“In all these sufferings Marguerite grew in her belief of God's presence in her life and of His tender love for every human person. She, in turn, wanted to make known His compassionate love to all. She undertook many charitable works with complete trust in God, who she loved as a Father.” (Vatican biography of Saint Marguerite d’Youville)
Today, October 16, we celebrate the feast day of Saint Marguerite d’Youville (1701-1771), the foundress of the Sisters of Charity of Montreal (known as the “Grey Nuns”). A widow and mother of two young sons, Marguerite looked beyond her family, generously extending her charity to the world’s wounded people in her midst. In the broken hearts, spirits and bodies of the destitute she saw Jesus Christ. At her beatification Pope John XXIII called her “Mother of Universal Charity.”
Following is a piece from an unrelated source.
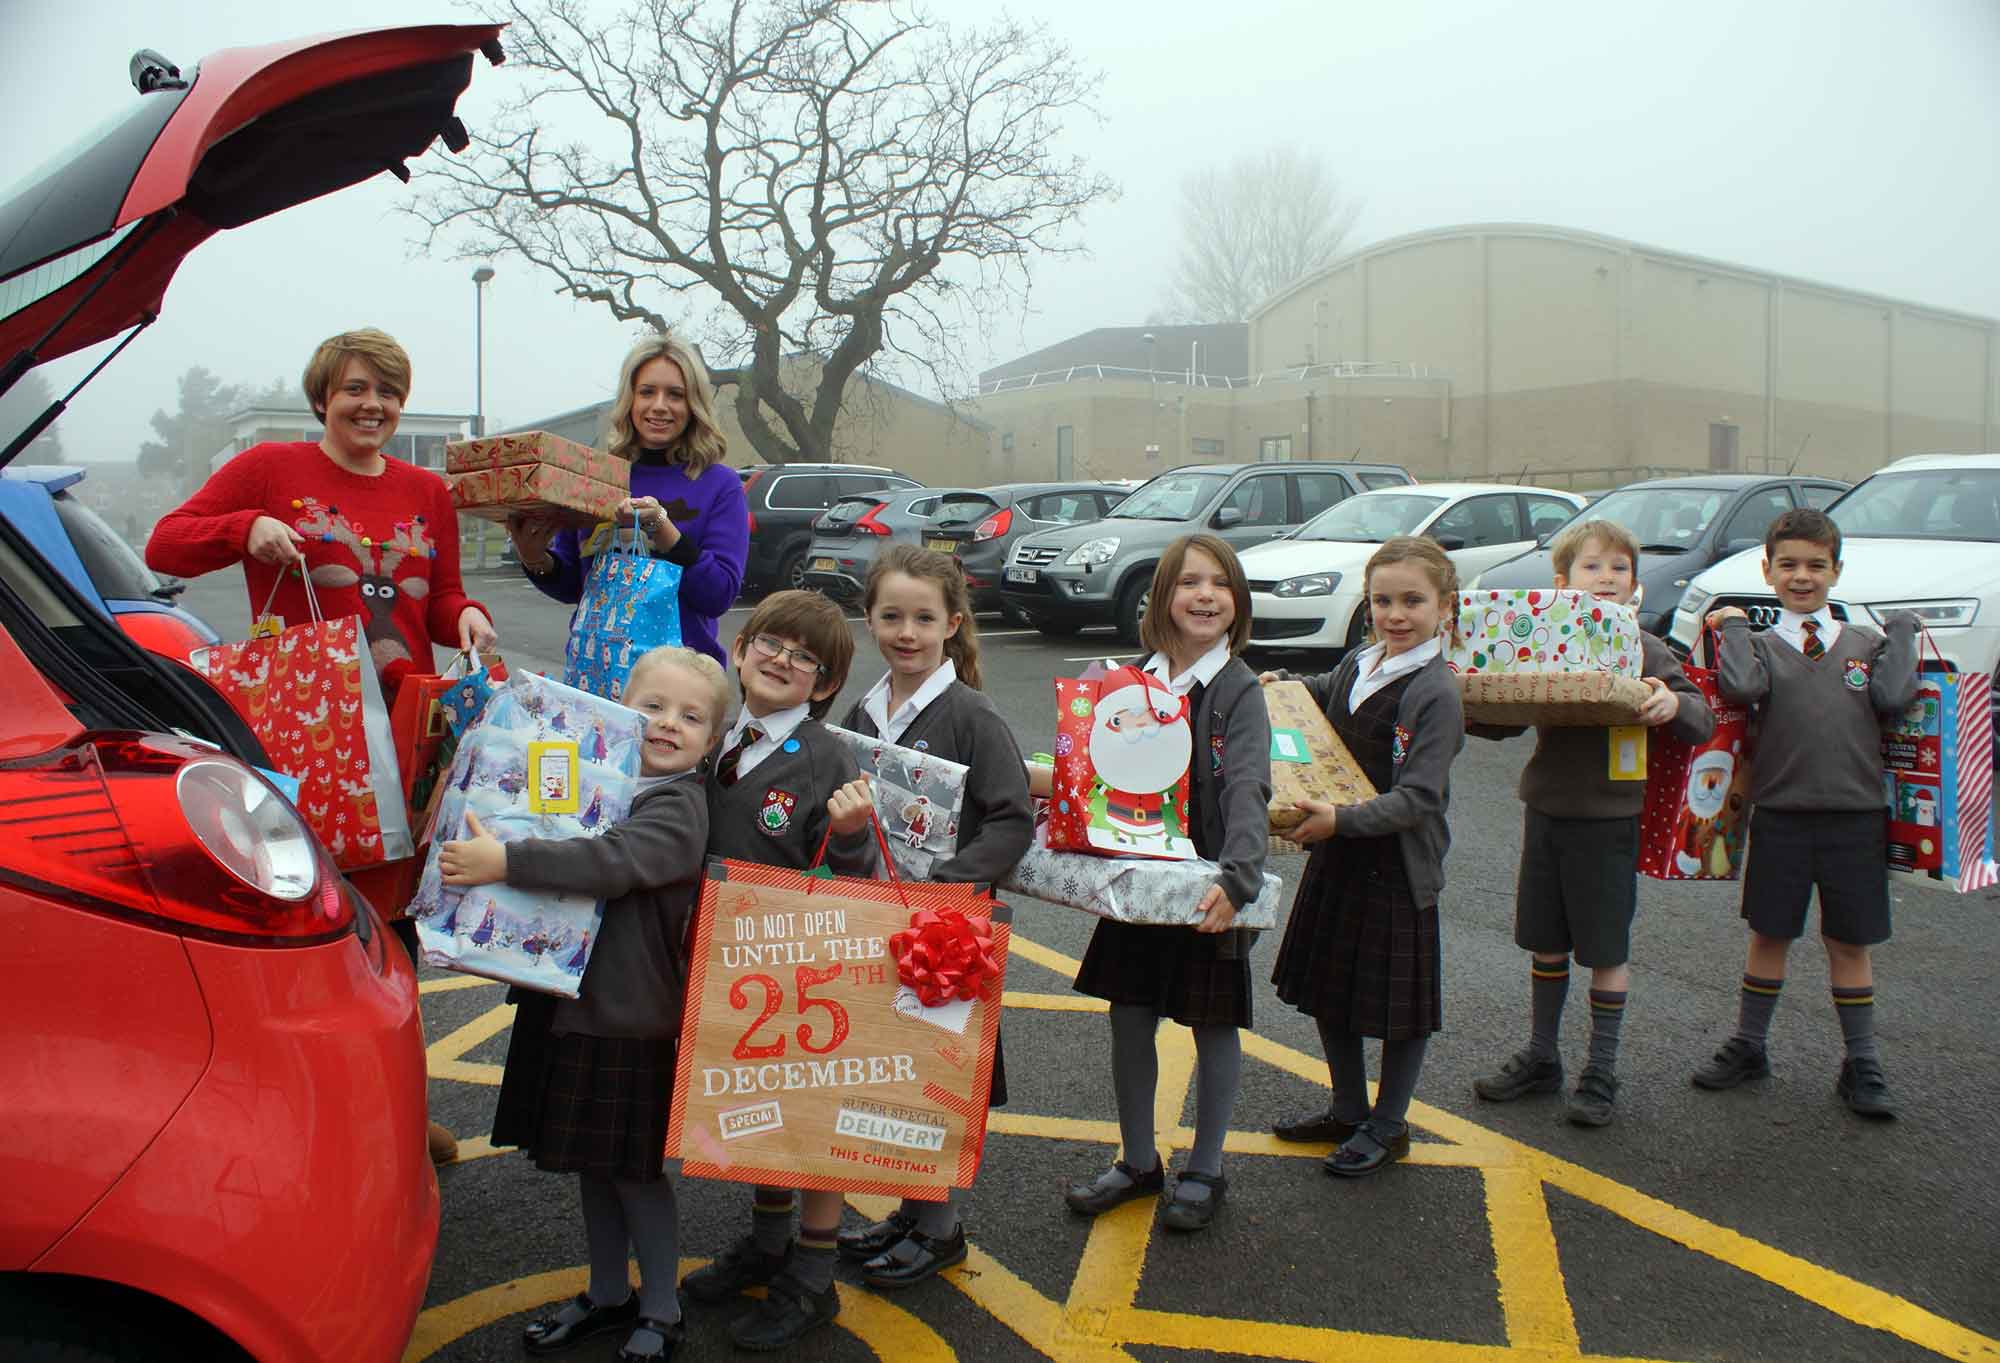 It’s A Wrap! Young Carers Hetty Flynn and Laura Winfield gratefully accept gifts from Ashville Pre-Prep School pupils

Grey Nuns” due to the color of their habits, these tireless women were mocked and derided by society, as service to the poor was not looked upon with favor in that time. (Humorously, the word “grey” in translation can also mean “tipsy” or “drunken,” which the sisters were occasionally called in reference to Marguerite’s late husband’s bootlegging career. In humility, Marguerite chose grey as the color of the order’s habits, to remind her sisters of their humble beginnings.)
“Pope John XXIII beatified Marguerite on May 3, 1959 and called her "Mother of Universal Charity" - a well-merited title for one who continues to this day to reach out to all with love and compassion. Marguerite d'Youville can sympathize with the unfortunate and painful situation of so many orphans, with adolescents worried about the future, with disillusioned girls who live without hope, with married woman suffering from unrequited love and with single parents. But most especially, Marguerite is a kindred spirit with all who have given their lives to helping others.”
St. Marguerite d'Youville,
During your lifetime,
you opened your heart and home
to every type of human misery.
Listen now to my prayer of petition.
I count on you to plead with the God of Love
to grant the favor I seek with confidence and trust.
Gift us as you were gifted;
with ever deepening faith,
with firm hope and trust.
Let my life be for all a service of love.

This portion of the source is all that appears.